All this musk-style motivation 101 BS is direct from the CIA's manual on domestic espionage - frustration from within.

The means define the ends. If you treat people like shit, or as morons who need BS pressure techniques, you'll get a demoralised company.

Treat people well, set them clear targets and say it without fluff when they're slacking. If you can't tell somebody they're not good enough, you cannot help them to be good enough. None of this psychobabble BS where you're constantly second-guessing in a failed attempt to retain them on the rat-race for the rest of their life. Stop building ratrace companies.

> Stop building ratrace companies

They build rat-races because they are all still rats at heart. Endemic crisis of leadership and vision bred men who cannot think outside the maze. No amount of climbing extended their horizons or released them from slavery to money and the misery it brings.

> released them from slavery to money and the misery it brings

Good point. I often wonder what motivates a billionaire to keep making more money. For most it seems like ego, greed, and inability to rethink their life. I suppose they climbed so high by being relentless and not stopping. This is what makes the example of Yvon Chouinard so interesting.

You are putting words in my mouth. Pressure can be as simple as a deadline.
The vast majority of open source done in peoples free time is unfinished and at best of limited use. The serious projects very often have payed developers. The good ones done by unpaid developers have some pressure in terms of expectations by their community or the developers put pressure on themselves to achieve some self goal.
You are quite right that open source done purely in free time usually takes much longer to be "finished" but that is more a question of the time available to spend on it than absence of pressure.

OSS projects that have paid developers often manage to avoid much of the pressure that occurs in closed source.

Some OSS projects like the kernel manage to harness companies as way of funding full time developers without giving them too much say in details or deadlines.

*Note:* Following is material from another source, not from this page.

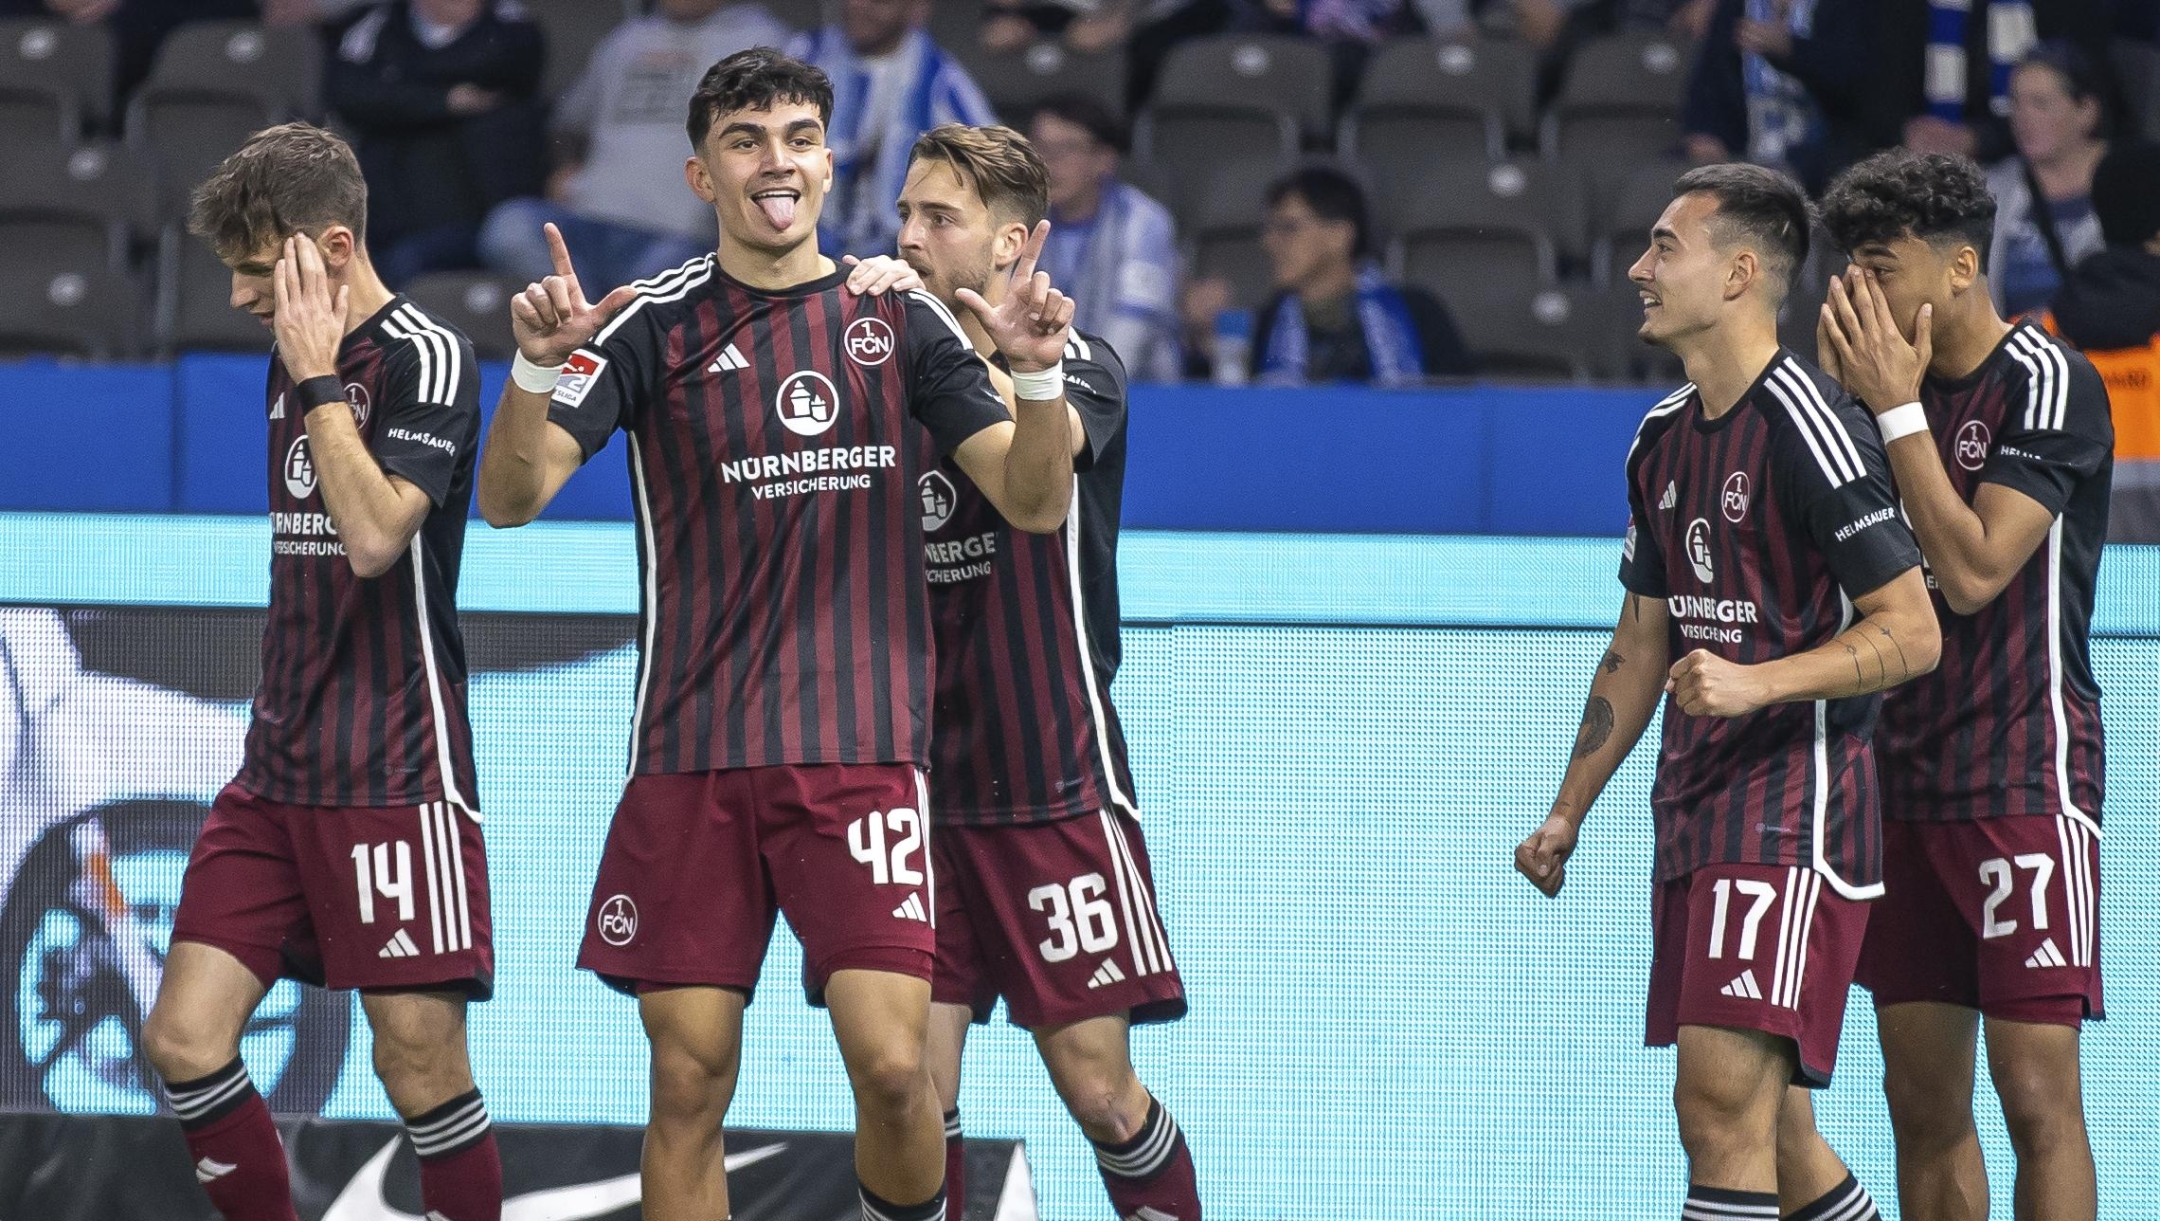 Nuremberg's Can Uzun, centre left, celebrates scoring a goal, during the Bundesliga second division soccer match between Hertha Berlin and Nuremberg, in Berlin, Saturday, March 30, 2024. One of Germany?s most exciting players isn?t even playing in the Bundesliga. Nuremberg teenager Can Uzun has 15 goals in the second division after scoring twice against Hertha Berlin this weekend. Only three players have more this season than the 18-year-old, whose performances have captured the attention of a host of clubs.  (Andreas Gora/dpa via AP)

A feature ships in Linux when it is ready and accepted by the maintainers and Linus not when some manager says it has to ship.

Of course this works far better for large projects that are essentially a "commons" like the kernel, less so for open source projects where most of the developers work for a single company.

OSS projects are also prone to leadership issues and tend to have "good ol boys" clubs. It's utlimately human nature, OSS or not. See Linus Torvals or some of the things that went on in Rust community. Also, StackOverflow mods that volunteer their free time have so many issues. Wikipedia editors and Reddit moderators. Same.

Putting a OSS lipstick isn't doing any favors to understanding the human nature and how to create a good governance model to keep people happy. I suspect this is never going to be "solved", only solved in one person's views or ideological bias.

We barely recently got decent open source computers (but not smartphones), now try to imagine a GPL car...

That said it wouldn't it be cool have some sort of open source VW Bug. Stainless steel cyberbug, EV for the people. Low tech, curb lasts whole century, ubiquitous parts.

> That said it wouldn't it be cool have some sort of open source VW Bug. Stainless steel cyberbug, EV for the people. Low tech, curb lasts whole century, ubiquitous parts.

AWS would just fork it, package it as a SaaS, give nothing back to the project and it would then slowly atrophy and cease to exist.